Here, Plaintiff has provided notice that
its experts will offer new testimony, and the notice is sufficiently in advance
of trial to allow for deposition of the experts. Exclusion of the testimony is
unwarranted where Plaintiff has provided adequate notice and opportunity to
depose and is not attempting to hide its experts until trial. (See Kennemur
v. State of California (1982) 133 Cal.App.3d 907, 920.) It is immaterial that
Plaintiff’s experts are revising their opinions on an existing topic rather
than opining on an entirely new topic.
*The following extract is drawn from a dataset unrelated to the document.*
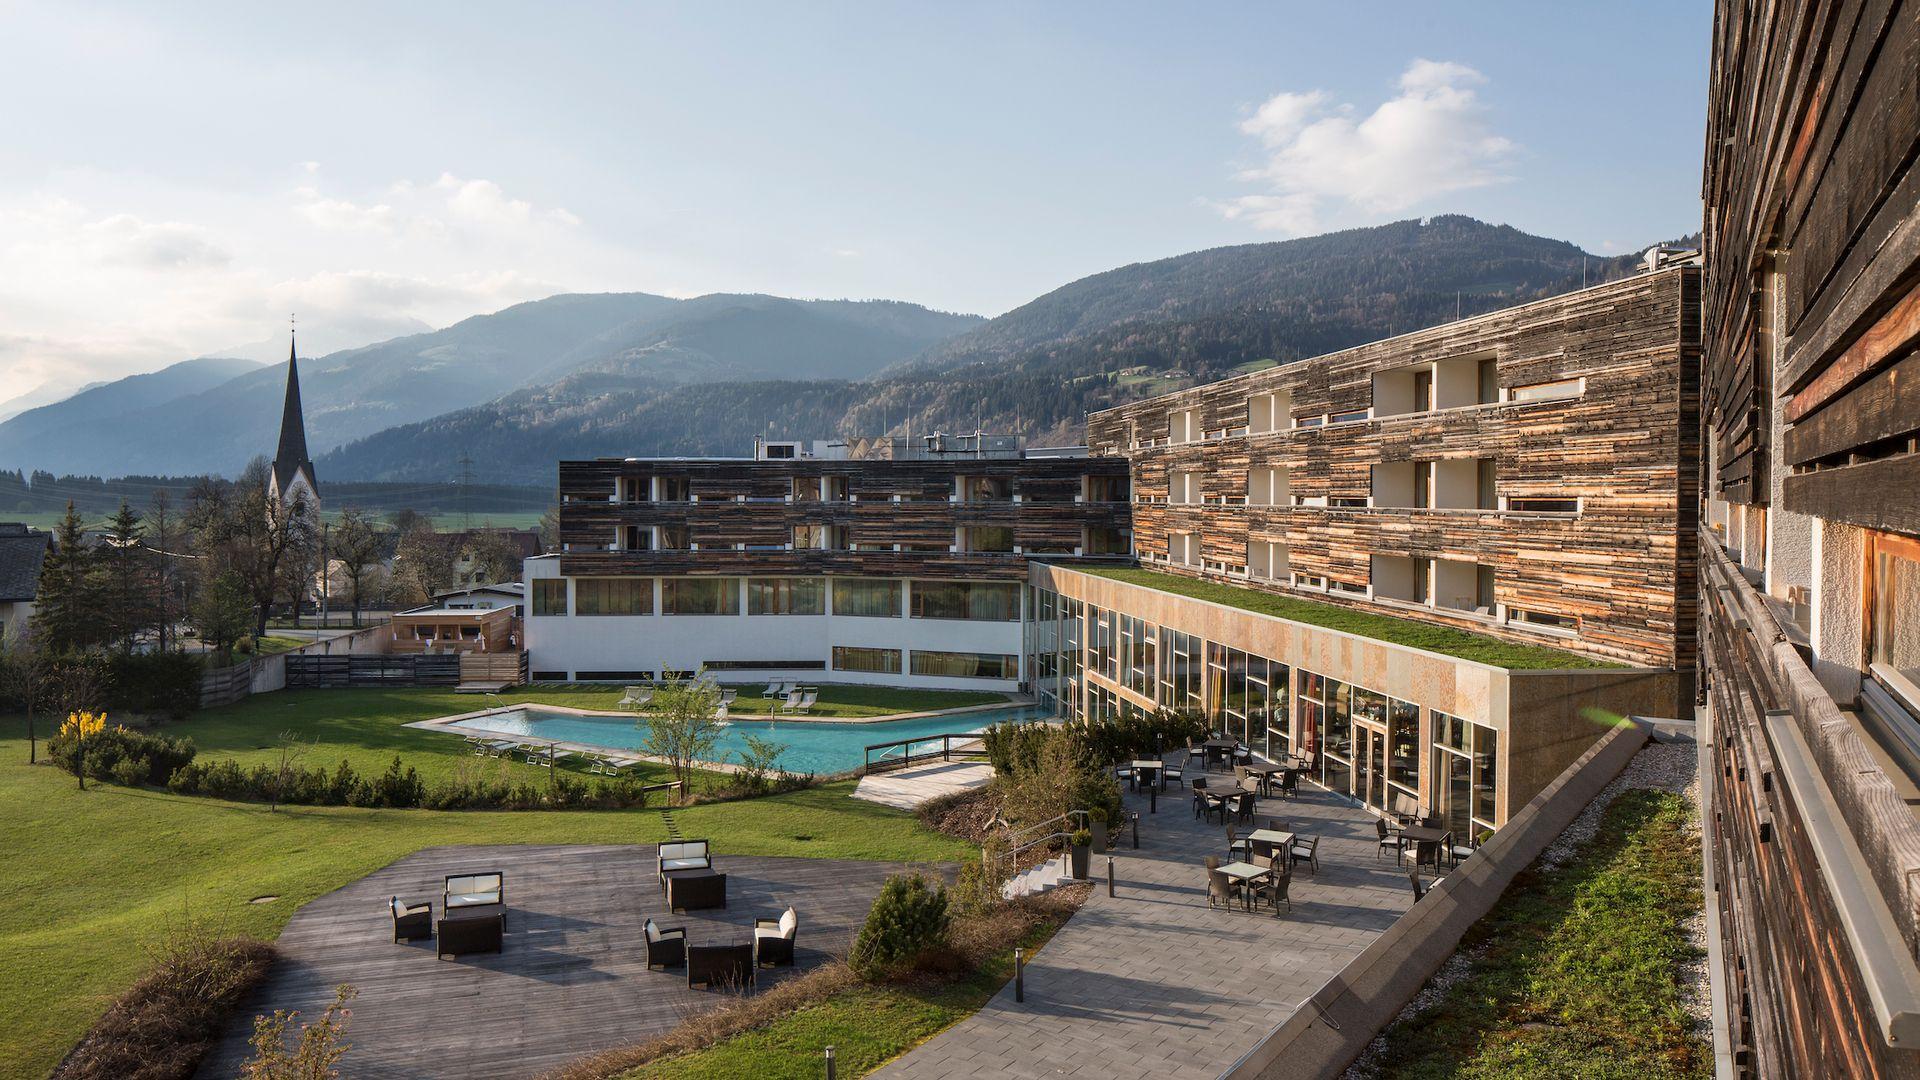 4* Falkensteiner Hotel & Spa Carinzia

No case suggests that one is allowed but
the other is not.
Defendant’s claim of prejudice is
unconvincing given it has adequate time before trial to depose the experts, and
Plaintiff has offered to pay for the costs of the new depositions. Defendant
cites no authority precluding the admission of expert testimony based on a
revised opinion where a party has sufficient opportunity to depose the expert, nor
does Defendant cite any authority precluding such deposition from taking place.
Defendant cites no authority characterizing this type of scenario as an improper
“do-over” that results in undue prejudice. Plaintiff is not forever barred from
introducing expert testimony on damages just because the initial assessment was
inaccurate. It is fair to allow the experts to revise their opinions so long as
Defendant has an adequate opportunity to depose the experts, and Plaintiff pays
for the cost.
CONCLUSION
Defendant’s motion in limine
is DENIED. Plaintiff is to bear the costs of re-deposing experts Professor
Stanton and Mr. Bergmark, including reporter fees and expert fees.